Subscribers may pay more as government moves to levy airtime
Telecommunications operators have kicked against plans to impose excise duty on airtime, arguing that it will lead to double taxation.
Operating as Association of Licensed Telecoms Operators of Nigeria (ALTON), the service providers insisted that the tax was the anti-digital economy.
ALTON Chairman, Gbenga Adebayo, told The Guardian, yesterday, that operators were already over-taxed with individual player paying as much as 35 different taxes.
Adebayo was reacting to reports that the Federal Government was considering duty on vouchers to boost revenue for the broke nation.
A report quoted the Director-General of the Budget Office of the Federation, Ben Akabueze, as saying: “Last year, we found that 51 countries in Africa have excise on airtime charges, so we are looking at that, as well as an area to tax.”
He spoke at a World Bank event in Abuja where the need for government to raise additional revenue was discussed.
But Adebayo said since the purpose for the planned introduction was not clear to industry players, telecoms operators would rather wait to see how the government plans to introduce an excise tax on airtime.
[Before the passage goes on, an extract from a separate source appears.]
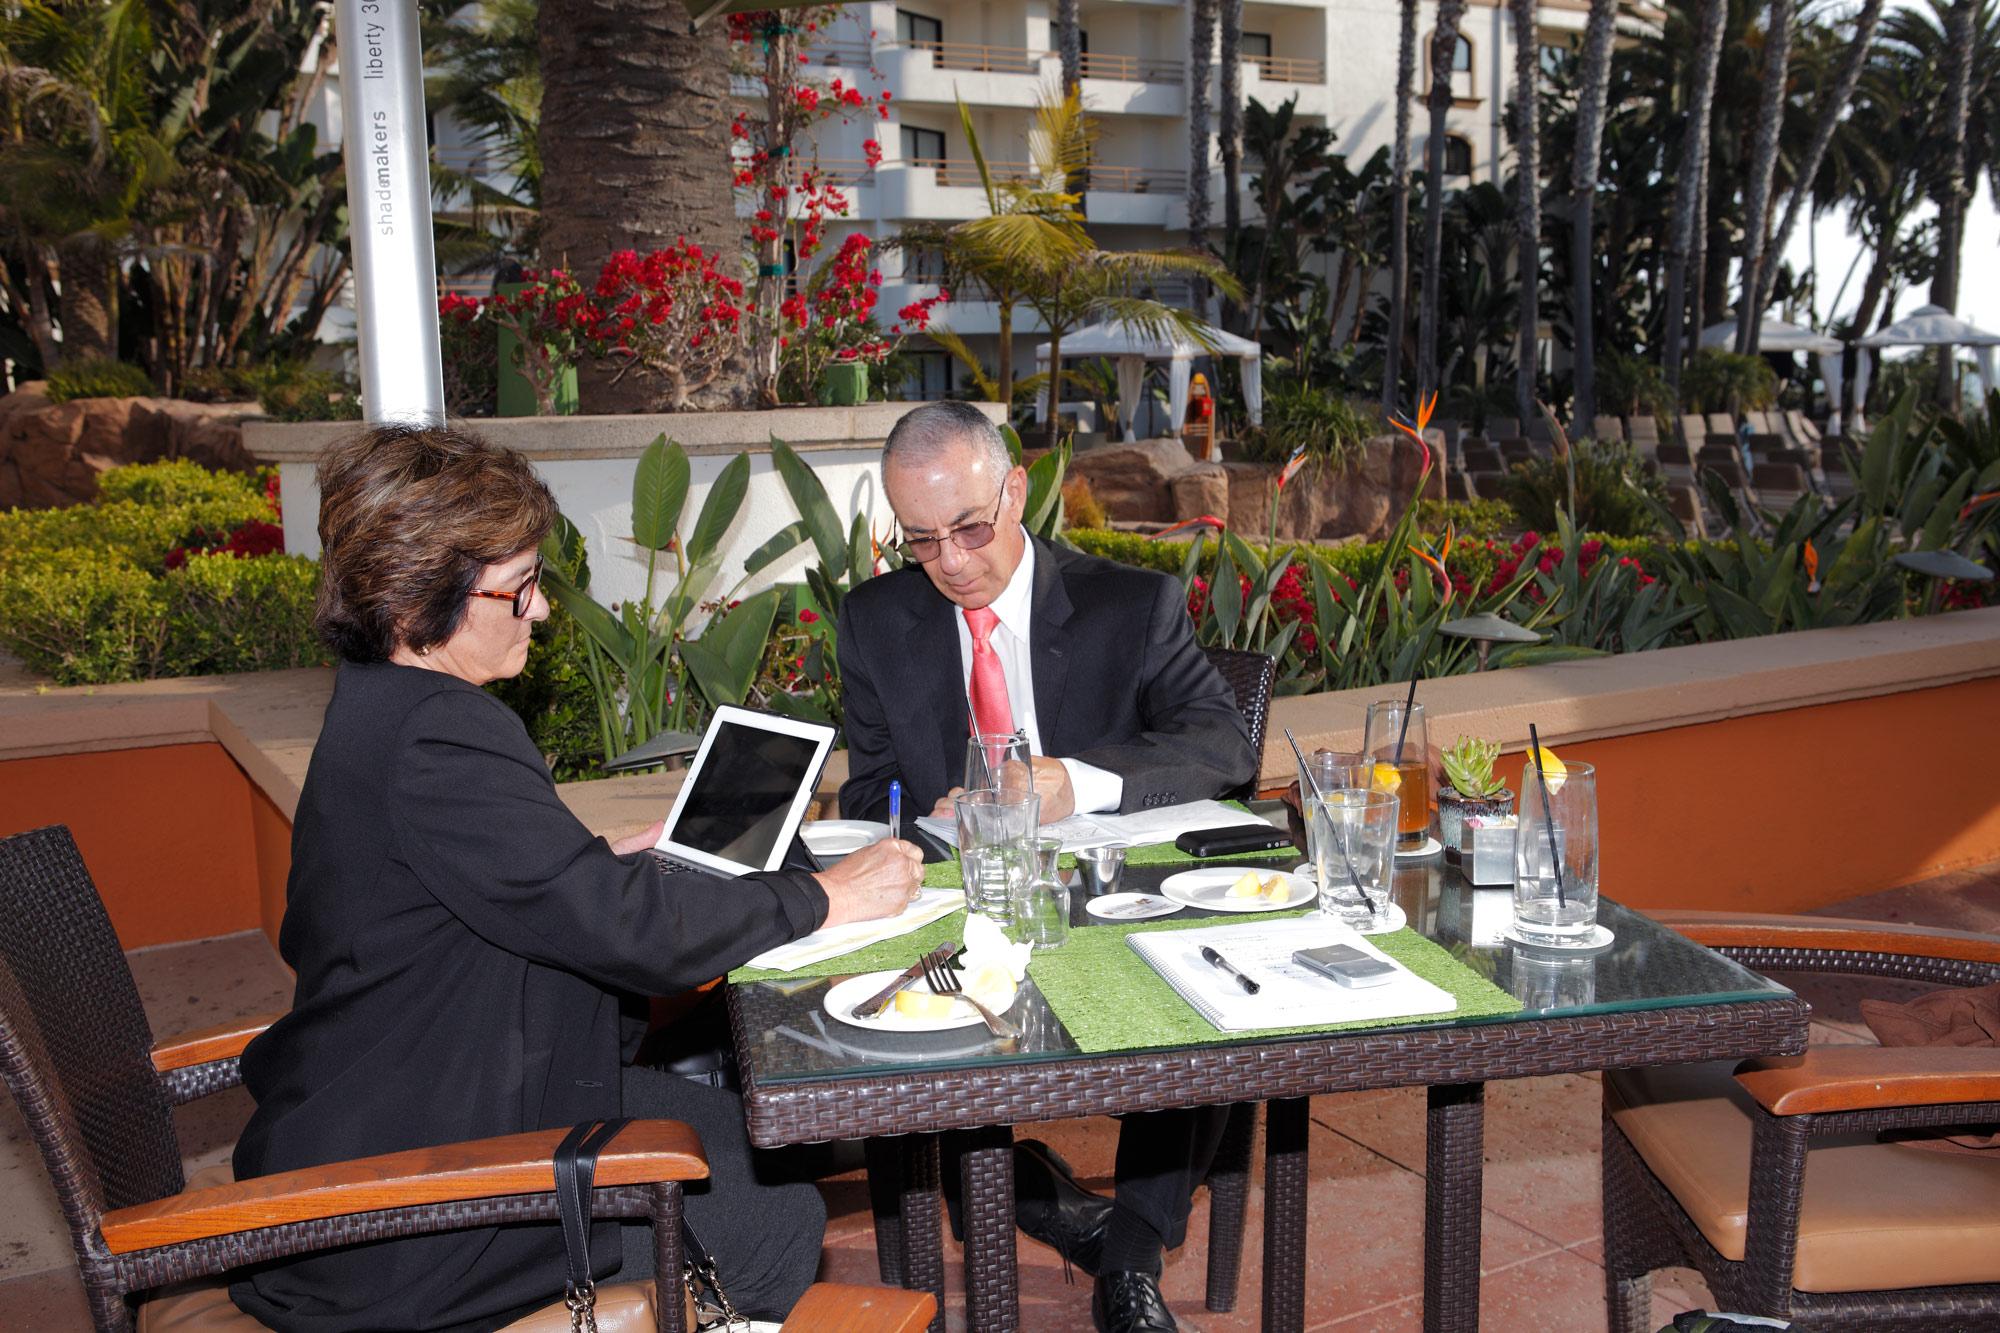 real estate agent services in Santa Barbara

He said the government would want the operators to collect the tax for them, which subsequently means that additional cost would be passed to about 190 million subscribers in the country.
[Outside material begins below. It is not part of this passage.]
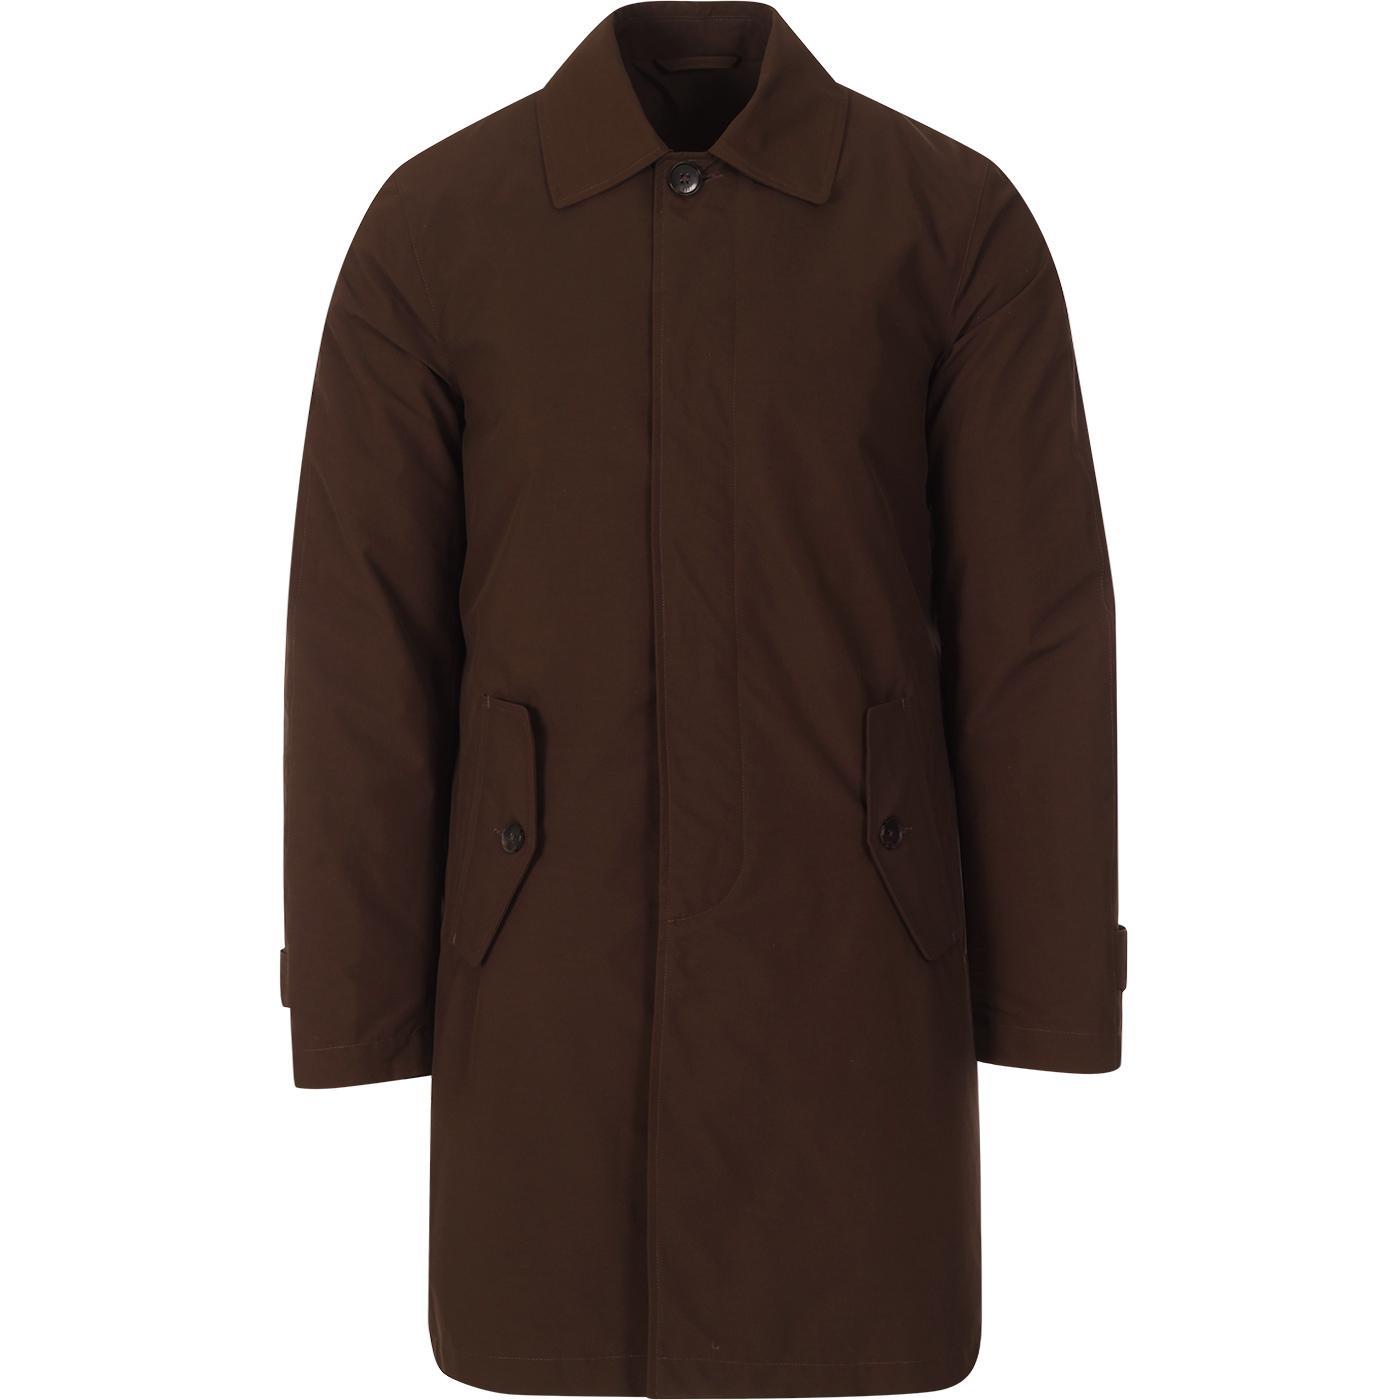 BARACUTA G10 Detachable Lining Raincoat CHOCOLATE

The ALTON boss continued: “It is not clear to telecoms operators why the Federal Government wants to introduce an excise tax on telecoms airtime recharge. Excise duty is introduced in manufacturing goods and it is introduced when the government wants to reduce the intake of such manufactured product, Except the Federal Government wants to discourage importation of recharge cards into Nigeria in order to encourage telecoms operators to use alternative means of vending airtime, like the virtual top-up that does not need a physical recharge card.
“For example, it will be understandable if the Federal Government decides to introduce an excise tax on consumption of tobacco products because it wants to reduce the consumption of tobacco in Nigeria because of the health implications, but it will be out of place for government to introduce an excise tax on telecoms airtime.”
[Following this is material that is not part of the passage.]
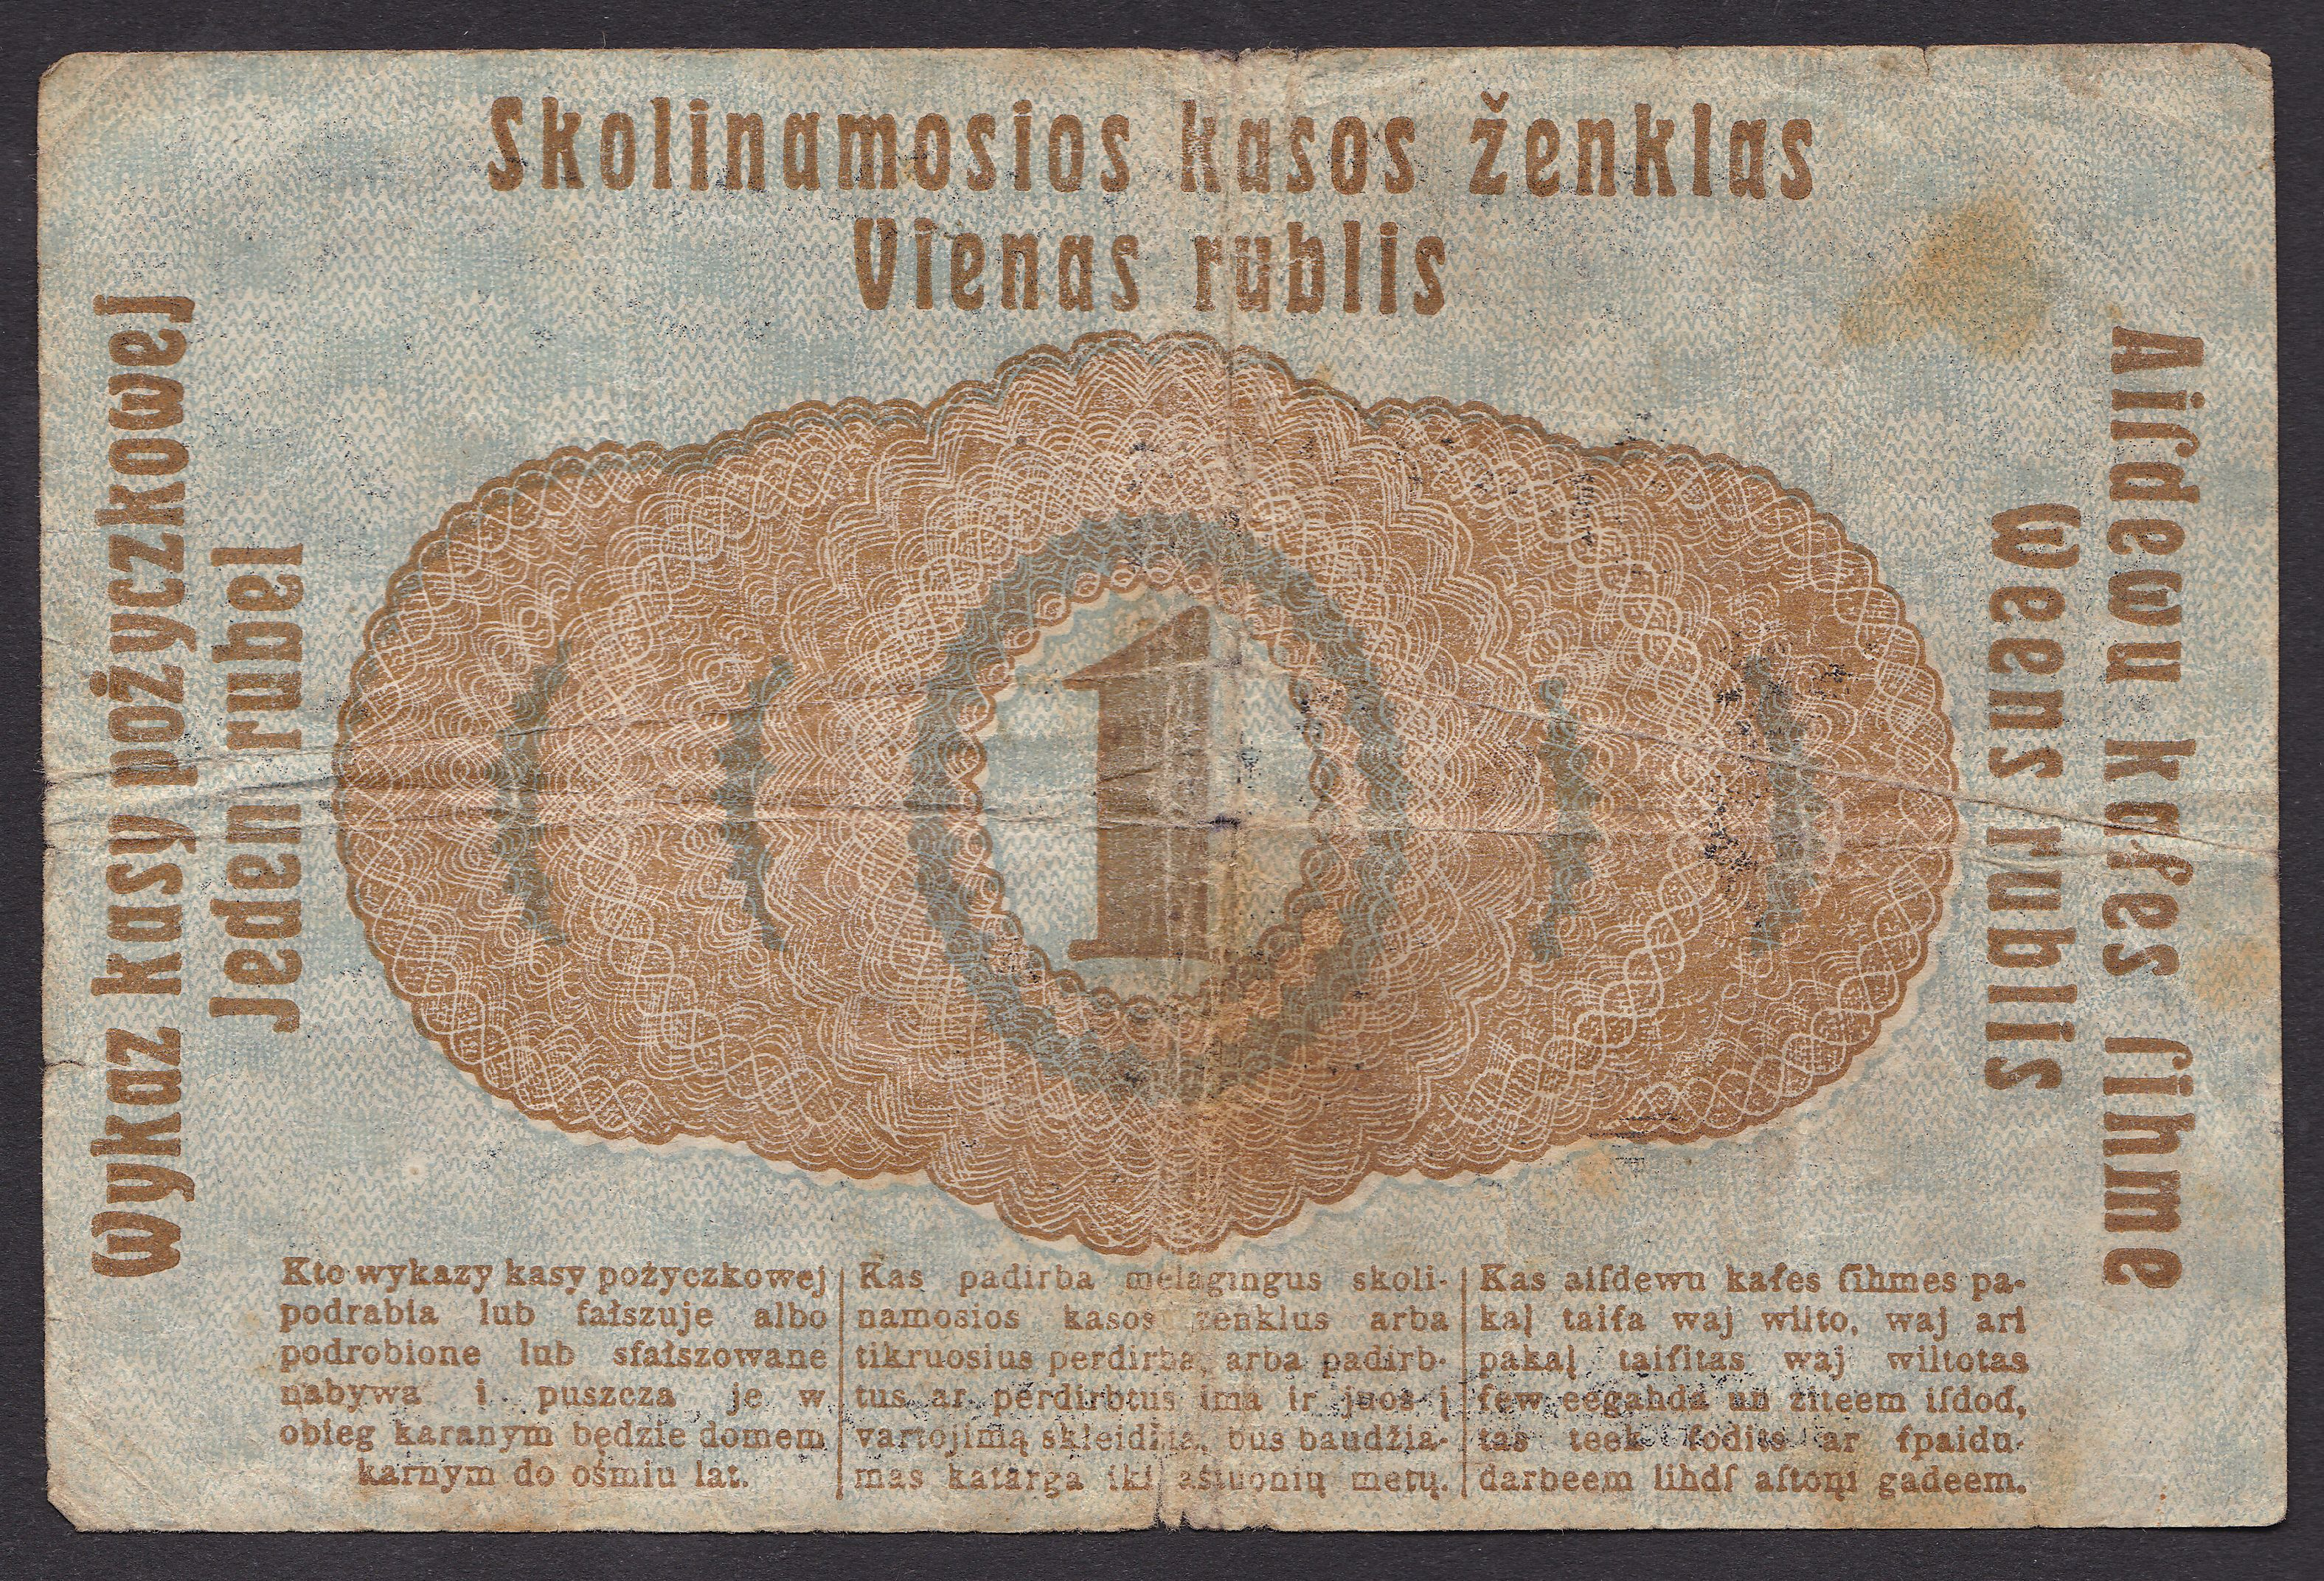 1916 German Armed Forces Ein Rubel Emergency Money Bank Note

He added that the industry remained the only sector that had not increased charges on services and airtime since the advent of the Global System for Mobile Communication (GSM), warning that the move would negatively affect services across the networks.
“Government should be careful not to introduce additional burden on telecoms operators. They should not take away digital economy access of the people by heavy taxation,” Adebayo cautioned.
In the meantime, the leadership of MTN Group, yesterday, undertook a three-day working visit to Nigeria.
Including the Group’s CEO, Ralph Mupita and CFO, Mrs. Tsholo Molefe, the delegation said it would join the MTN Nigeria Chairman, Dr. Ernest Ndukwe and CEO, Karl Toriola, in meetings with select partners and key stakeholders in the country.
This is Mupita’s first official tour of the most populous nation since assuming office in 2020.